Walsh, an accountant with a degree from Carroll College, said the privately held corporation has seen its growth slow down in recent years. He said he’ll continue the emphasis on safety that Watts started and try to find new customers.

“Things like an ethanol plant or the Bull Mountain coal plant, all these things come out to potential clients that we’d like to work with,” Walsh said. “What we’d really like to see is more economic development for the state.”

MRL hauls mostly timber, talc and other natural resource products. Those industries have been stressed in recent years.

At a peak in 1998, MRL employed 1,100 workers, including seasonal workers. Slow growth meant the railroad had to lay off some workers running the 958 miles of track through Montana and into the panhandle of Idaho.

Today, MRL employs 900 workers, including seasonal employees. One-third of them work at the Laurel yard, which is the largest in the system.

The shutdown of the ASARCO smelter in East Helena, slowdown in mineral and timber extraction and production cutbacks at Smurfit-Stone Container Corp. near Missoula have hurt sales.
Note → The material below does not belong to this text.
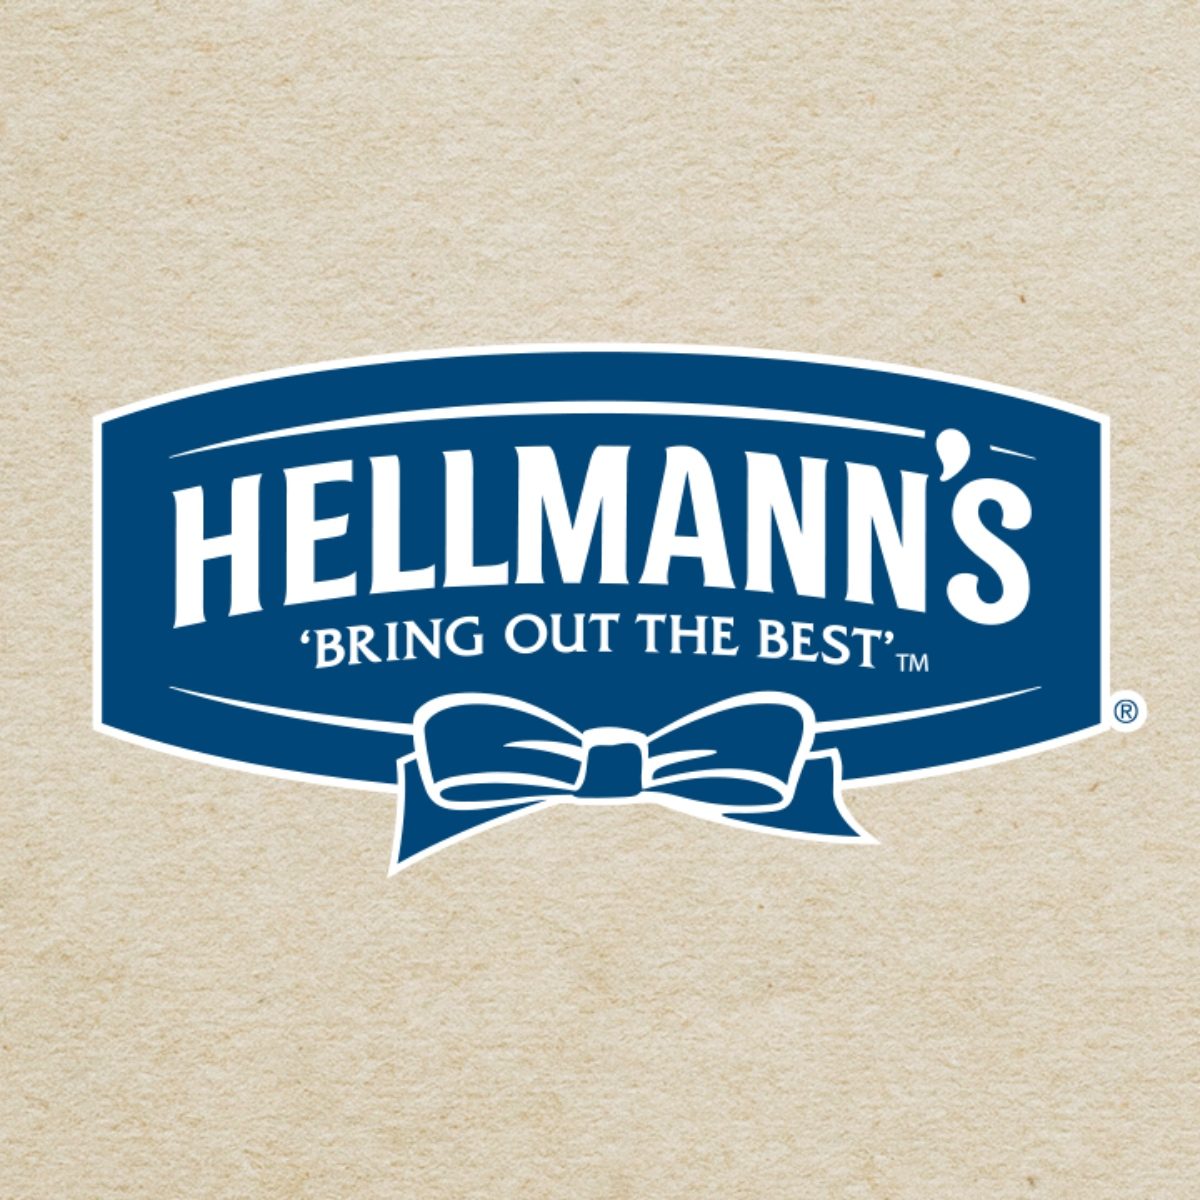 <p><strong><a class="SWhtmlLink" href="https://www.hellmanns.com/us/en/home.html" rel="noopener">Hellmann's</a>, Englewood Cliffs</strong></p> <p>Mayonnaise is pretty a polarizing topic—you either love it or you hate it, and those that dig it have brand loyalty that runs pretty deep. People love Hellmann's because they still make their mayo with three simple ingredients—eggs, vinegar and oil. That's it!</p>

So has the drought in Eastern Montana.

“It’s quite different managing a company that isn’t growing and it has forced us to make cutbacks and it has changed how we do business,” Watts said, adding that he feels he successfully kept employees’ morale up and kept them energized during periods of cutbacks.

The outgoing chief executive said he’s proudest of the railroad’s safety record.

“In 1998, we won a national safety award and we’ve been near the top every year since then in terms of safety,” Watts said.

After his planned retirement, Watts expects to stay involved with the Washington Transportation Group of Missoula.

Missoula-based businessman Dennis R. Washington owns the Washington companies, which are involved in rail and marine transportation, mining and construction.

Watts compared the MRL crews favorably to any he’s worked with in during 40 years in the railroad business.

“There aren’t any better railroaders in the country than MRL,” Watts said.